(Data below)
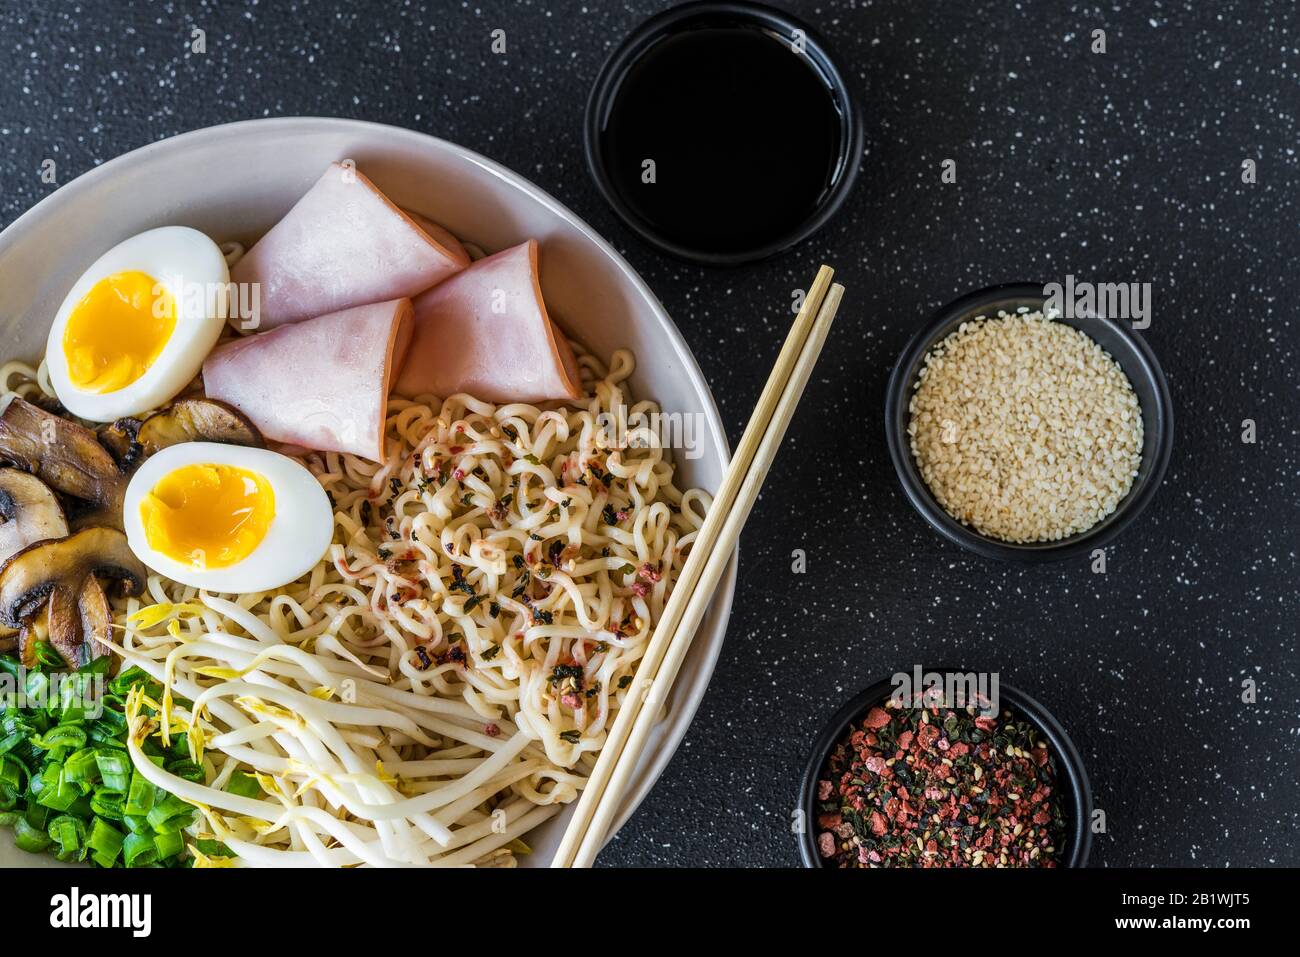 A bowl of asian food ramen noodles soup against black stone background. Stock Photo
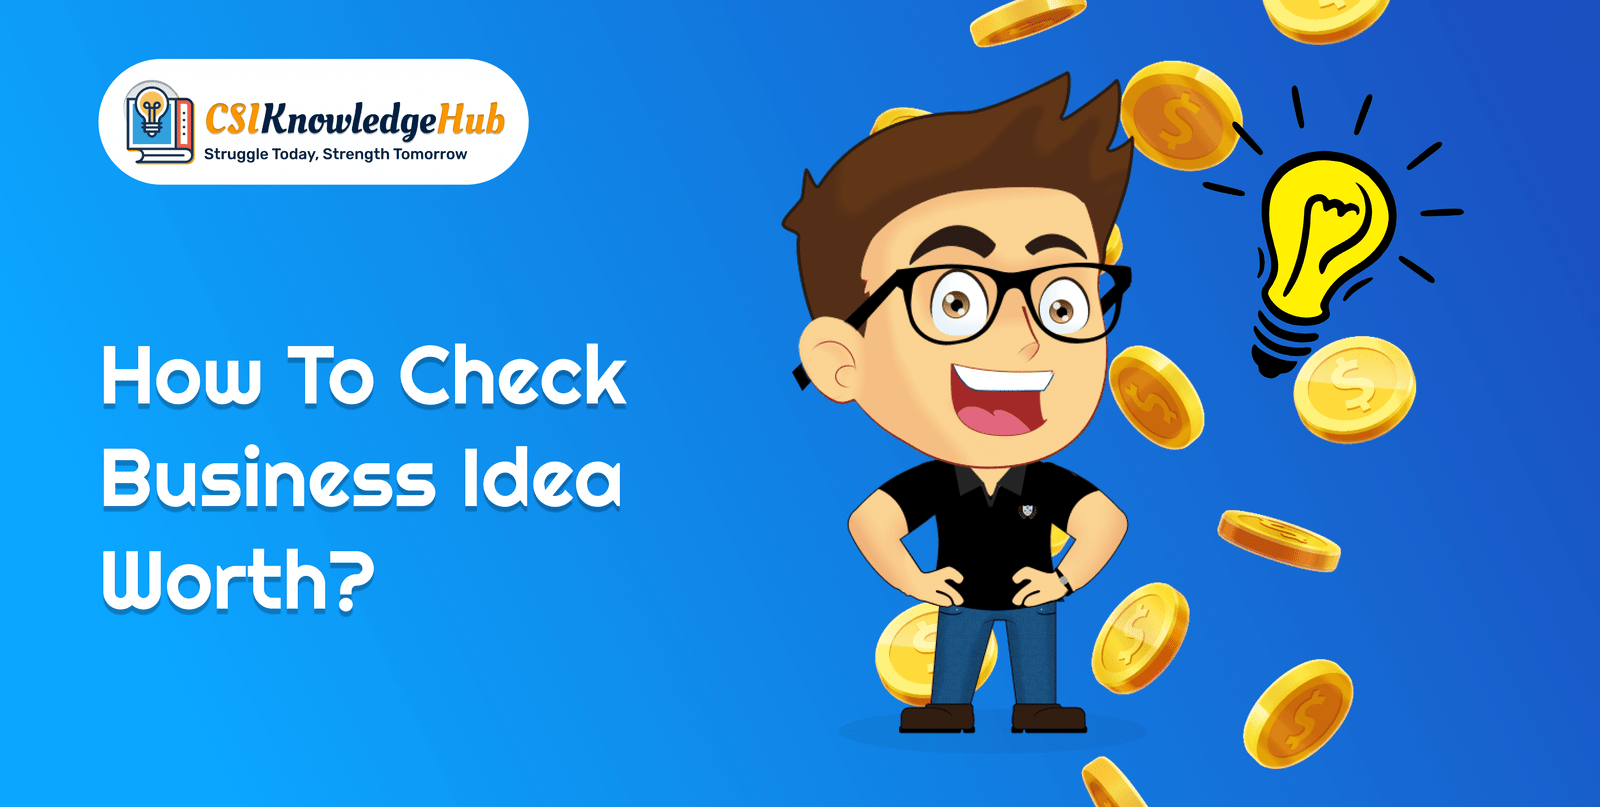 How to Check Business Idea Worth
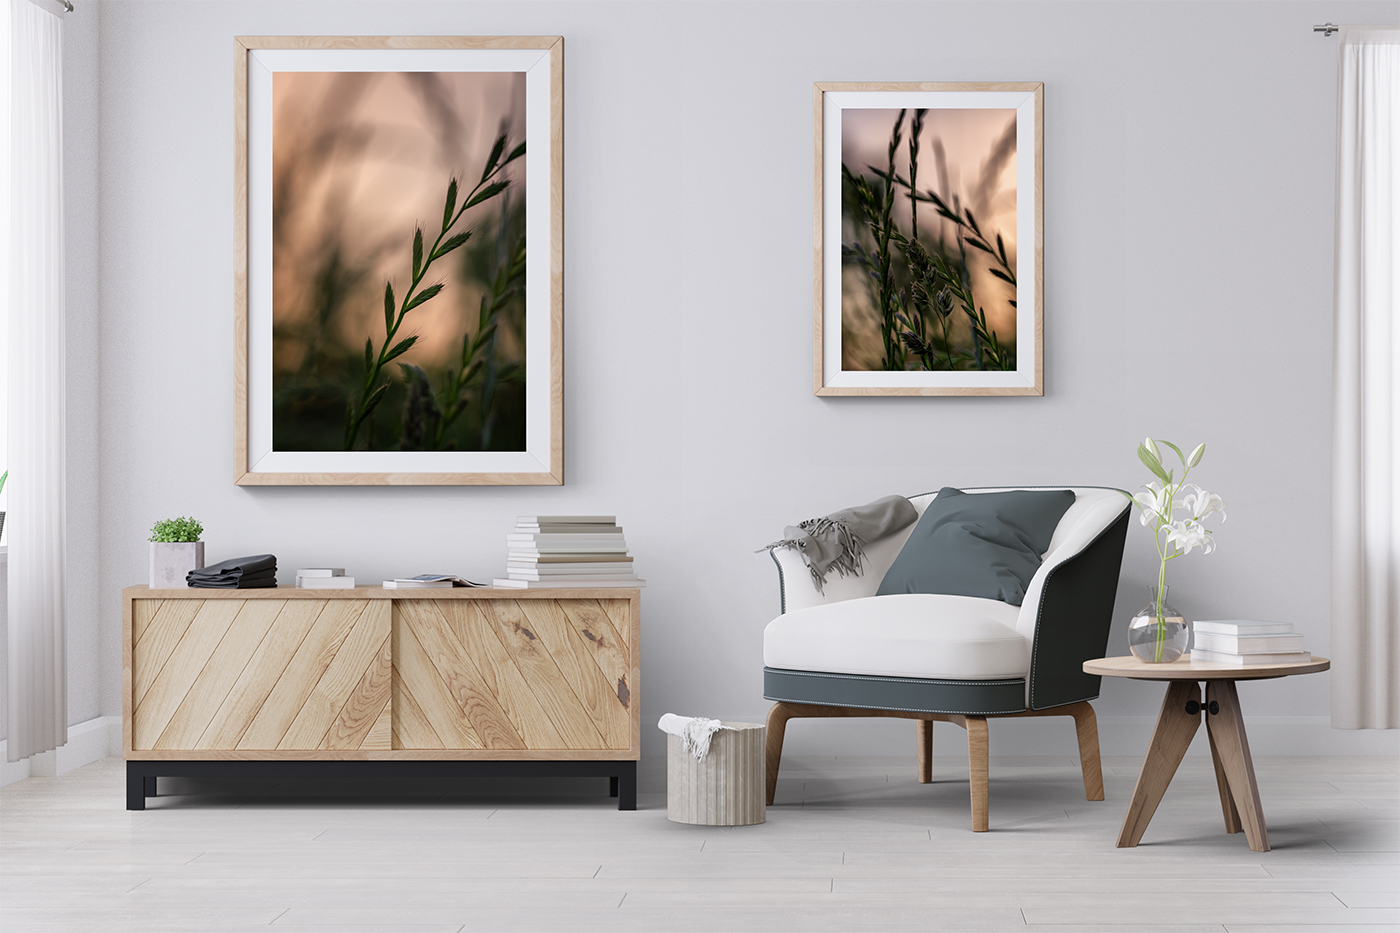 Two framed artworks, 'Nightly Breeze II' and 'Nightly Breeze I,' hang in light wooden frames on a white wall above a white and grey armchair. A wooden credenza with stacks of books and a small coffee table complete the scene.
(End Data below)
*Requirement:* The answer is the listing above restated word for word, pictures removed.

*Output below:*
 A bowl of asian food ramen noodles soup against black stone background. Stock Photo
 How to Check Business Idea Worth
 Two framed artworks, 'Nightly Breeze II' and 'Nightly Breeze I,' hang in light wooden frames on a white wall above a white and grey armchair. A wooden credenza with stacks of books and a small coffee table complete the scene.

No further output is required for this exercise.